I made the statement last time that one
cannot rule out the existence of absolutes. Some say that reality is whatever
you believe, but I can illustrate otherwise. There are immutable laws for
reality, regardless of whether we acknowledge or seek to know them or intend to
obey them. I have trained a
pyracantha
bush up the brick wall of our garage. I once had two of them.
One day when my wife and I were returning from our morning walk, I noticed how
poorly the leaves of one looked. Closer inspection revealed a white fungus on
the leaves, so I went immediately to the garage and mixed chemicals to kill the
fungus. I thoroughly soaked the bush, but next morning I noticed the plant looked
even worse. I repeated the procedure with the same negative results the next
day. Not wanting the disease to spread from the dying plant to the healthy one.

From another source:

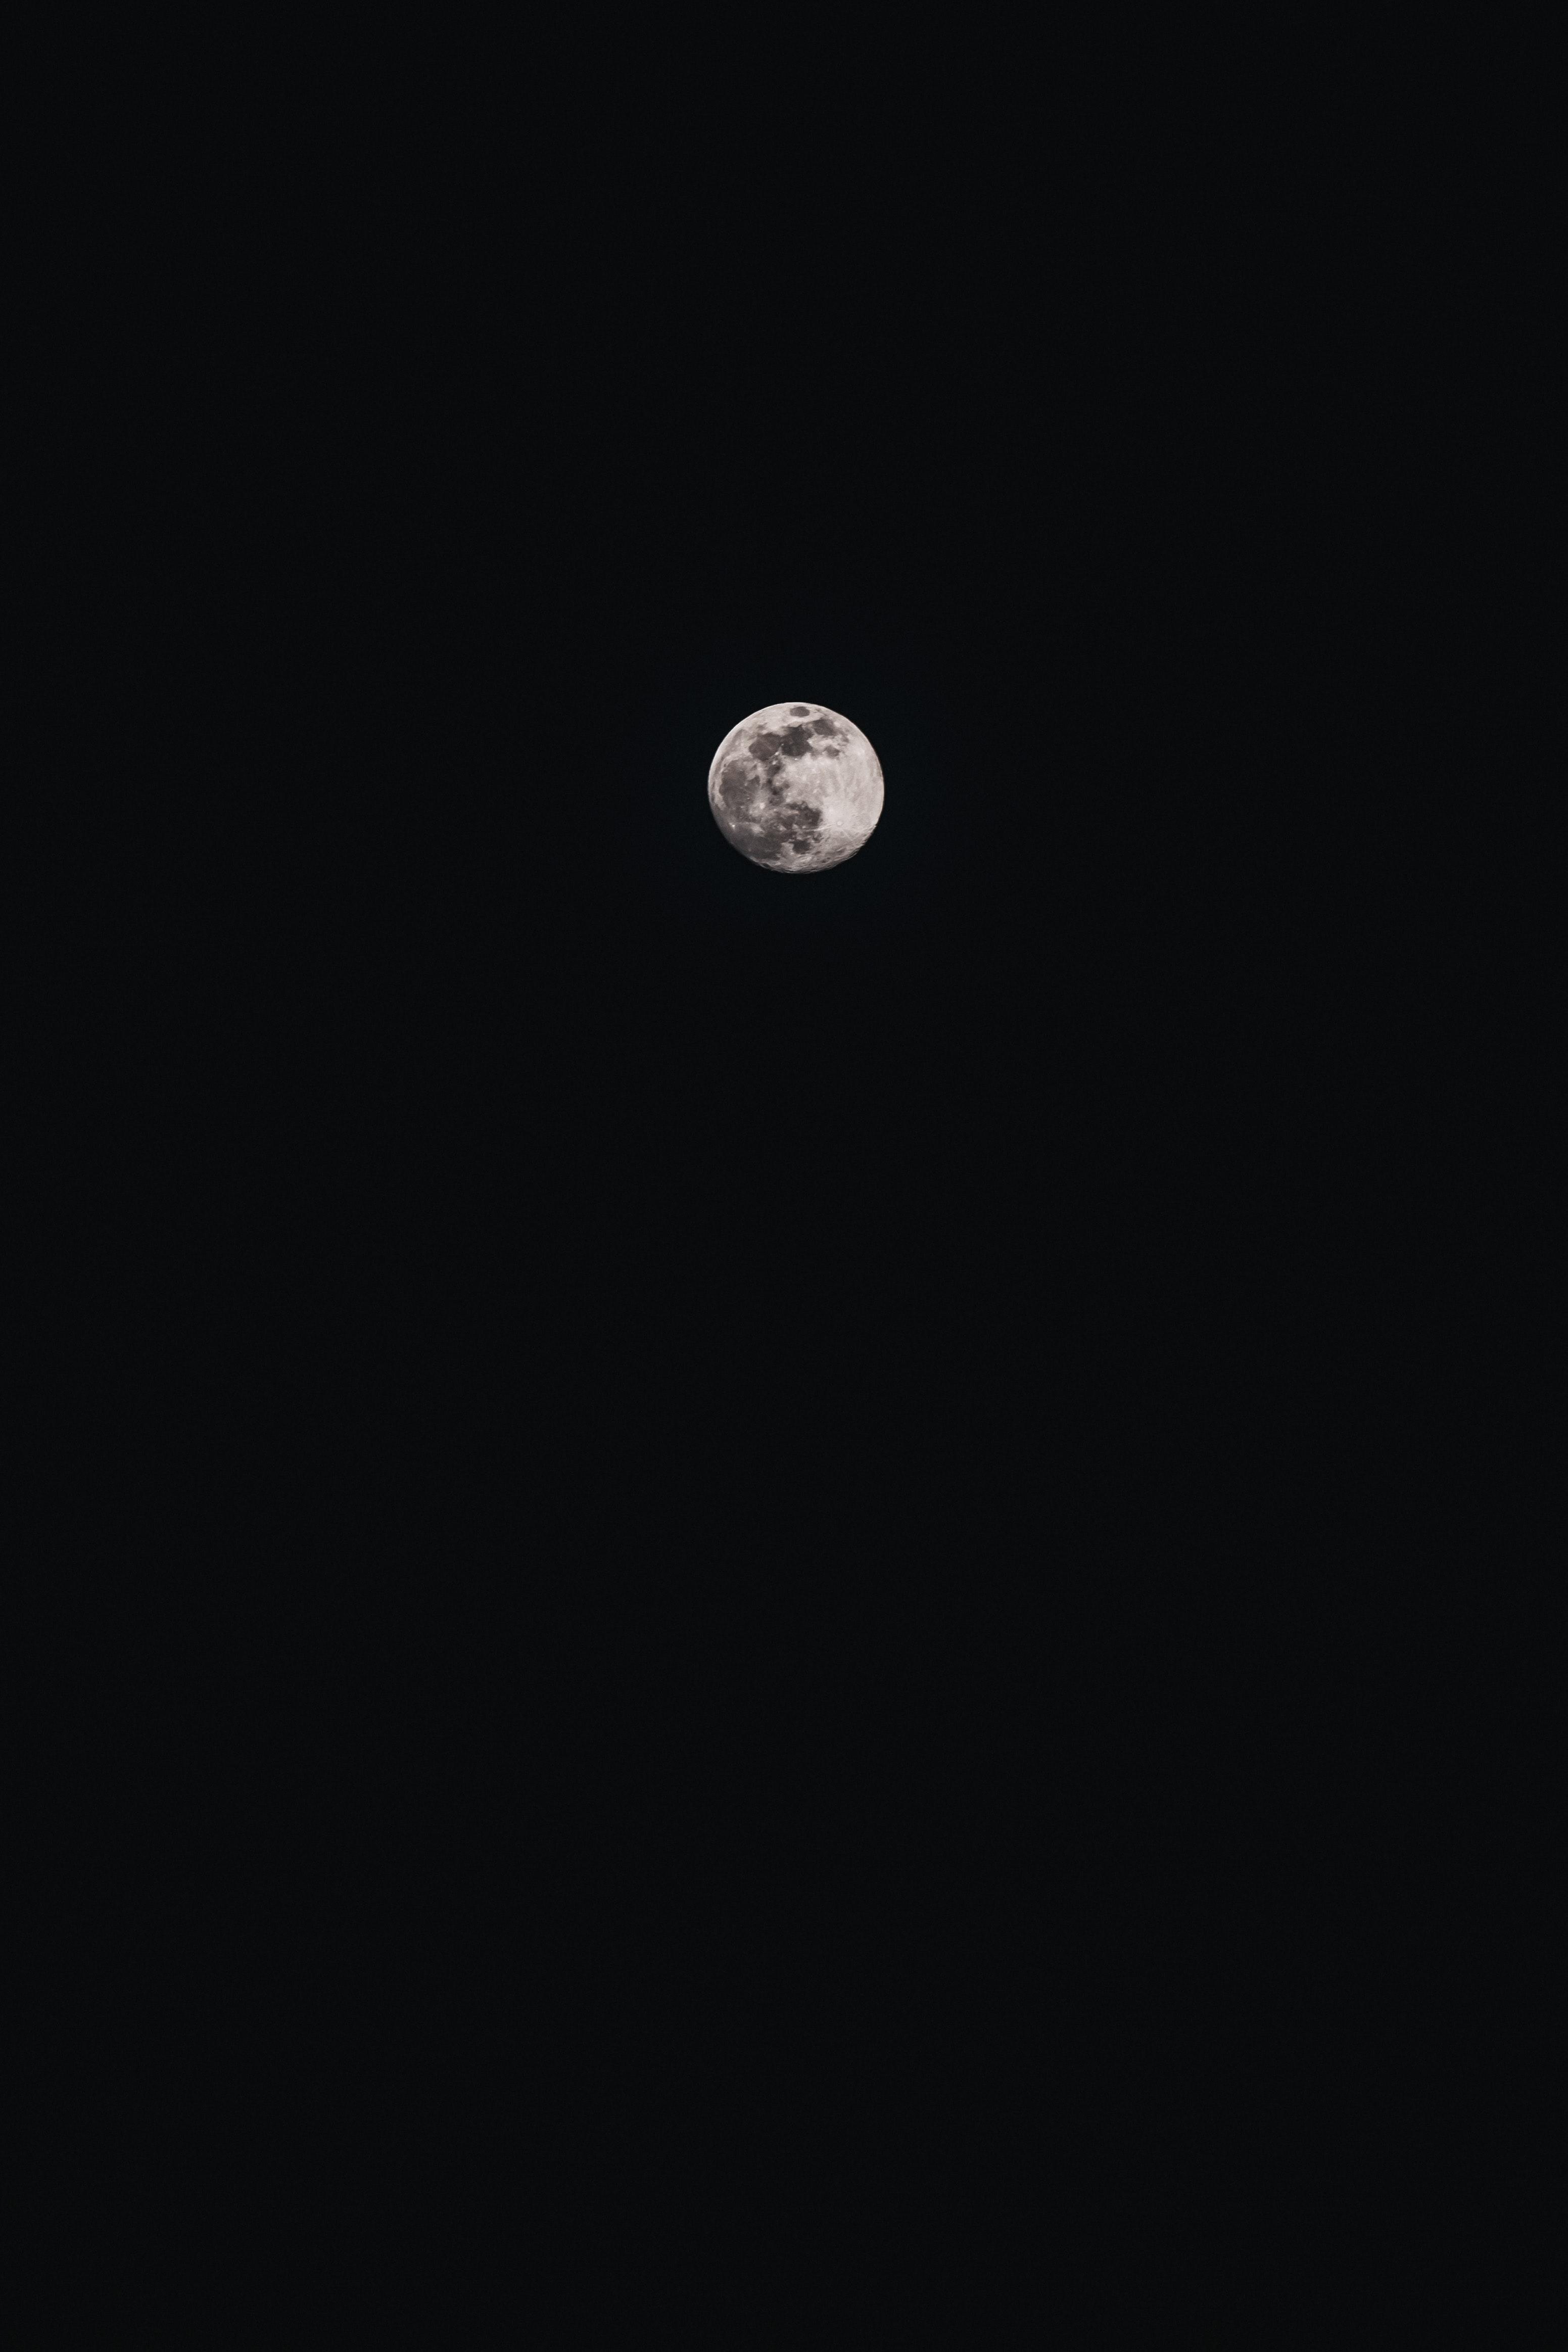 116378 免費下載壁紙 月球, 满月, 黑色的, 黑暗的, 黑暗 屏保和圖片

I put on gloves (pyracantha means
"fire thorn" for good
reason.) and spent the day untwining the two bushes and removing the looser. A
few days later I was putting around in the garage and found the container from
which I mixed the spray. It was Roundup.
What I believed had no impact on reality. Perception determined my behavior, but
reality determined the outcome. Likewise I would suggest that what you or I
choose to believe about our soul and afterlife may affect our behavior, but it
has no affect on whether either exist. Knowing that there are absolutes, it behooves me to explore the issue of
my possible eternal existence with whatever information is available to me.